Подчеркивая мифологизирующий момент в романтической эстетике, не следует забывать, что это была мифологизация или символизация текущей действительности. Не только произведения романтиков на современные темы («Паломничество Чайльд Гарольда» Байрона, «Гиперион» Гельдерлина, «Германия. Зимняя сказка» Гейне), но и исторические романы, поэмы и драмы («Ян Жижка» и «Альбигойцы» Ленау, все романы и драмы Алмейды Гарретта), и философско-фантастические сочинения («Эликсиры сатаны» Гофмана, «Атта Тролль» Гейне) пронизаны особой стихией, которую А. А. Елистратова вслед за Байроном удачно назвала «поэзией политики». Видный исследователь романтизма Ж. Барзэн также утверждает: «Освоение реальности было фундаментальной задачей романтического искусства... В целом не было еще никогда группы писателей, столь упорно интересующейся фактом, как романтики». Формы вторжения современности в литературу многочисленны – авторские отступления, полемические выпады, аллюзии. Здесь проходила «линия фронта», разделявшая романтиков в той или иной национальной литературе на враждующие лагери, обычно консервативный и либеральный. Критерии отбора современного материала зависели от мировоззрения автора, его общественной позиции, но сама способность романтического произведения вбирать в себя «злобу дня», сплавлять ее с самыми грандиозными символическими обобщениями, с вечными вопросами бытия, видеть прошлое в свете дня нынешнего, а нынешнее – в свете прошлого – эта способность принадлежит к коренным свойствам романтического сознания.

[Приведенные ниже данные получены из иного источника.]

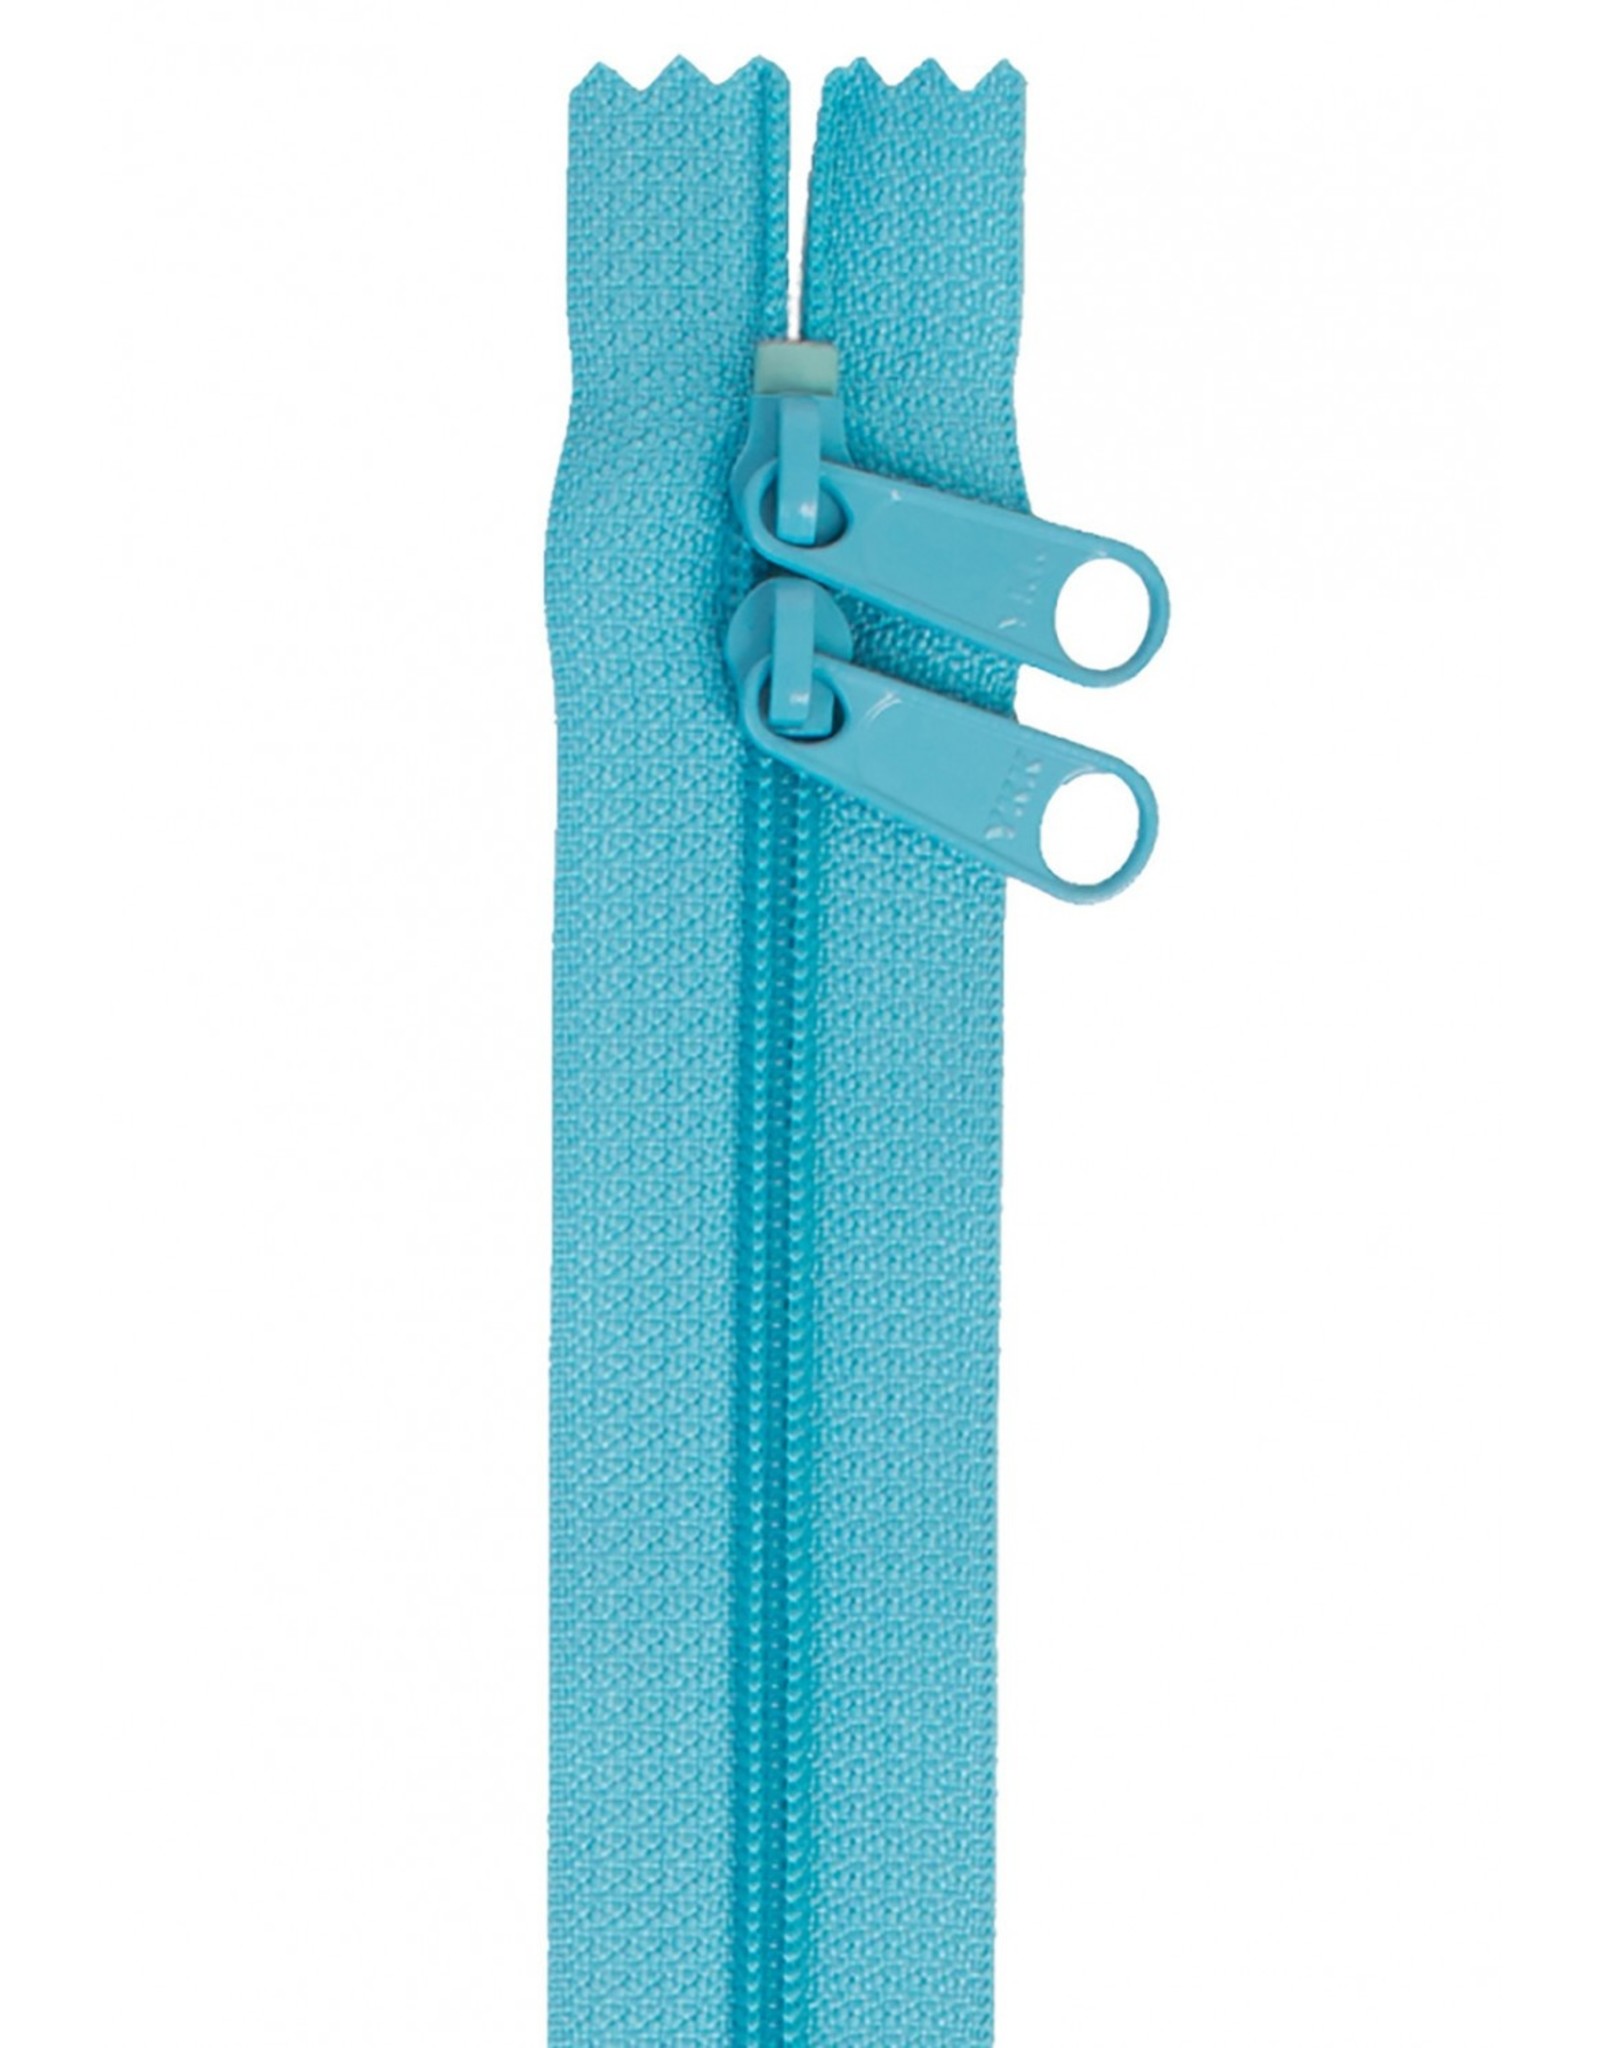 ByAnnie Handbag Zipper - 30 inch / 76 cm - double slide - Parrot Blue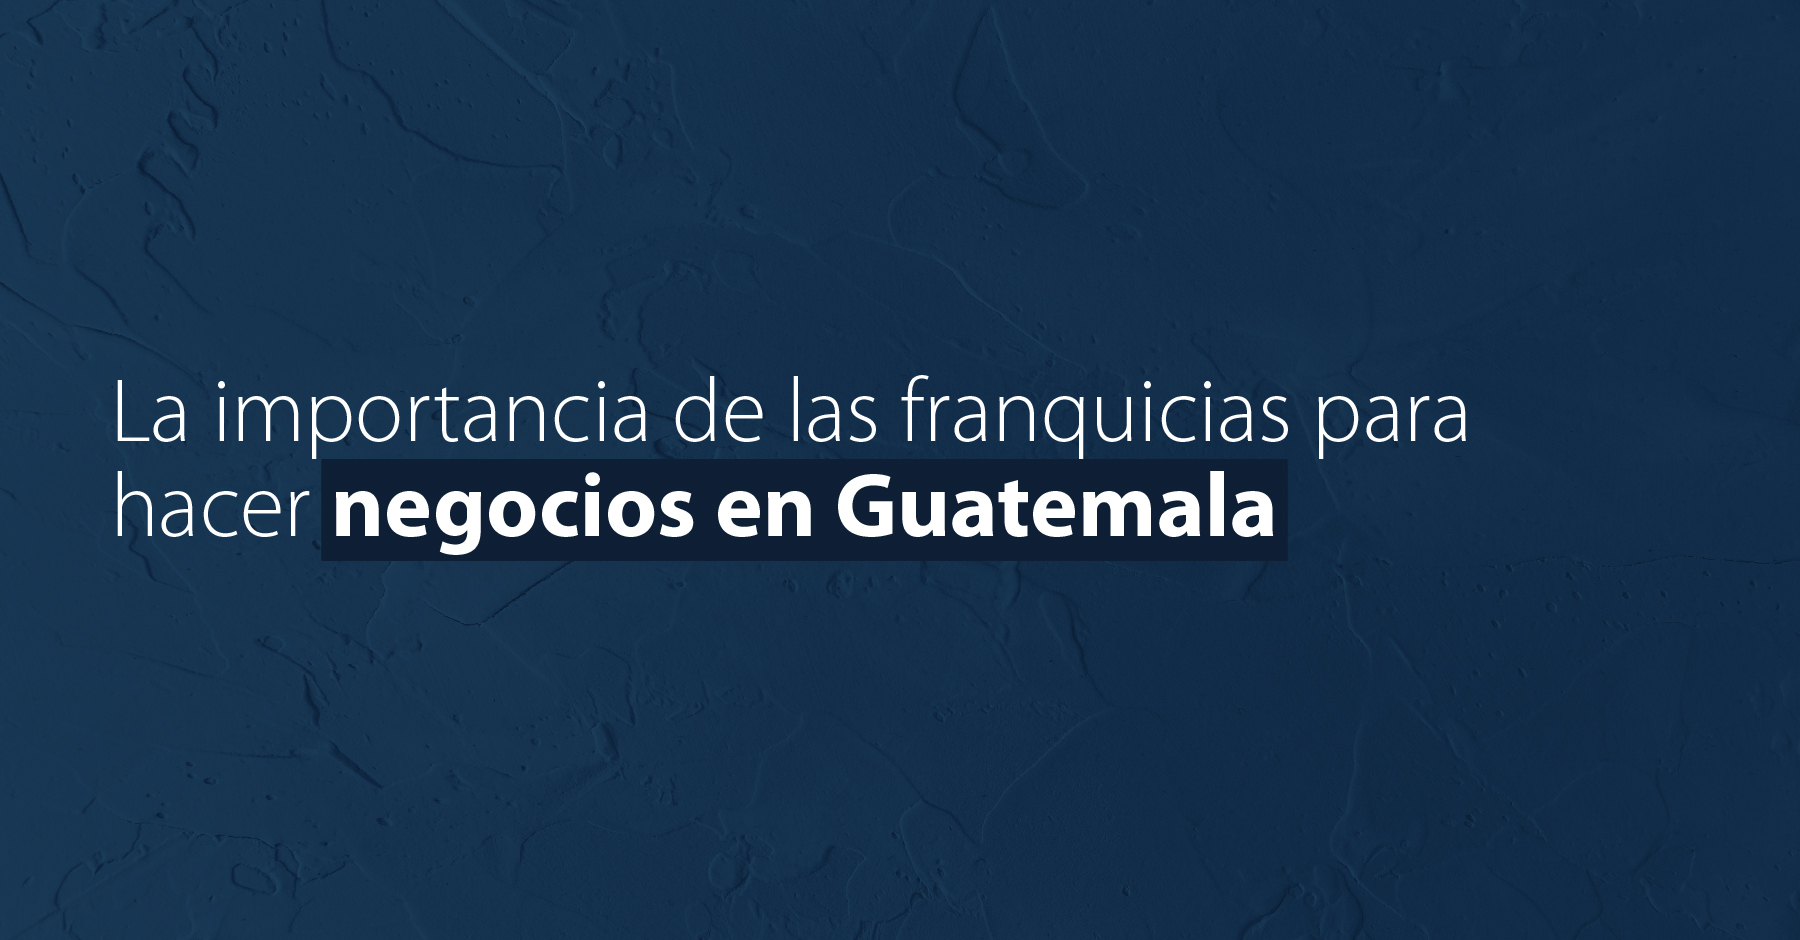 La importancia de las franquicias para hacer negocios en Guatemala

В 30—40-е годы складывается романтический социальный роман (Ж. Санд, Э. Сю, В. Гюго и их подражатели в других европейских странах). Ф. Энгельс назвал «это новое направление среди писателей» «полной революцией» в романе, так как героем подобных произведений стал «бедняк, презираемый класс, чья жизнь и судьба, радости и страдания составляют содержание романов» (Маркс К., Энгельс Ф. Соч. 2-е изд. Т. 1. С. 542). Романтический социальный роман разоблачал буржуазную эксплуатацию, лицемерие правящих классов, коррупцию правосудия и в конечном счете несправедливость всего общественного устройства. Творцы социального романа, в особенности Жорж Санд, испытали сильнейшее воздействие утопического социализма. В то же время они стремились не к анализу, а к символизации социальных противоречий в обобщенных образах кроткого страдания, плебейской гордости, олицетворенной справедливости.
Символизм, почти мифологическая обобщенность образа и историзм – обе эти важнейшие черты романтического художественного сознания, рожденные стремлением к объективности, к отражению исторического движения, казалось бы, находятся в трудноразрешимом противоречии. Но историзм романтиков таков, что это противоречие преодолевается. Как уже было сказано, отправным пунктом романтического историзма было осмысление Великой французской революции и начавшейся с нее эпохи. Ни события революции, ни ее результаты не отвечали чаяниям тех, кто приветствовал ее приход. А те, кто изначально отрицал благодетельность революционных потрясений (например, В. Скотт), укреплялись в своих худших опасениях. Оттого движение истории воспринималось как внеразумное, не только обманувшее просветительские ожидания, но и вообще неуловимое для рационального анализа и предвидения. Это не означало для романтиков, что историческое движение хаотично и бессмысленно; подобная идея, столь укоренившаяся в западном искусстве XX в., лишь изредка брезжит в романтизме («Семейство Шроффенштейн» Клейста). Романтикам скорее свойственна вера в некую провиденциальную закономерность, не поддающуюся рассудочному познанию, но доступную человеку благодаря более высокой способности – воображению. В теоретическом плане романтики нередко расходились в оценке соотношения обоих начал – разума и воображения: Байрон, например, отстаивал в полемике с Шелли классицистический примат разума (отмечено Н. Я. Дьяконовой). Но на практике символизация, основанная на воображении, играла важную роль в историческом мышлении не только романтических писателей, но и романтических историографов.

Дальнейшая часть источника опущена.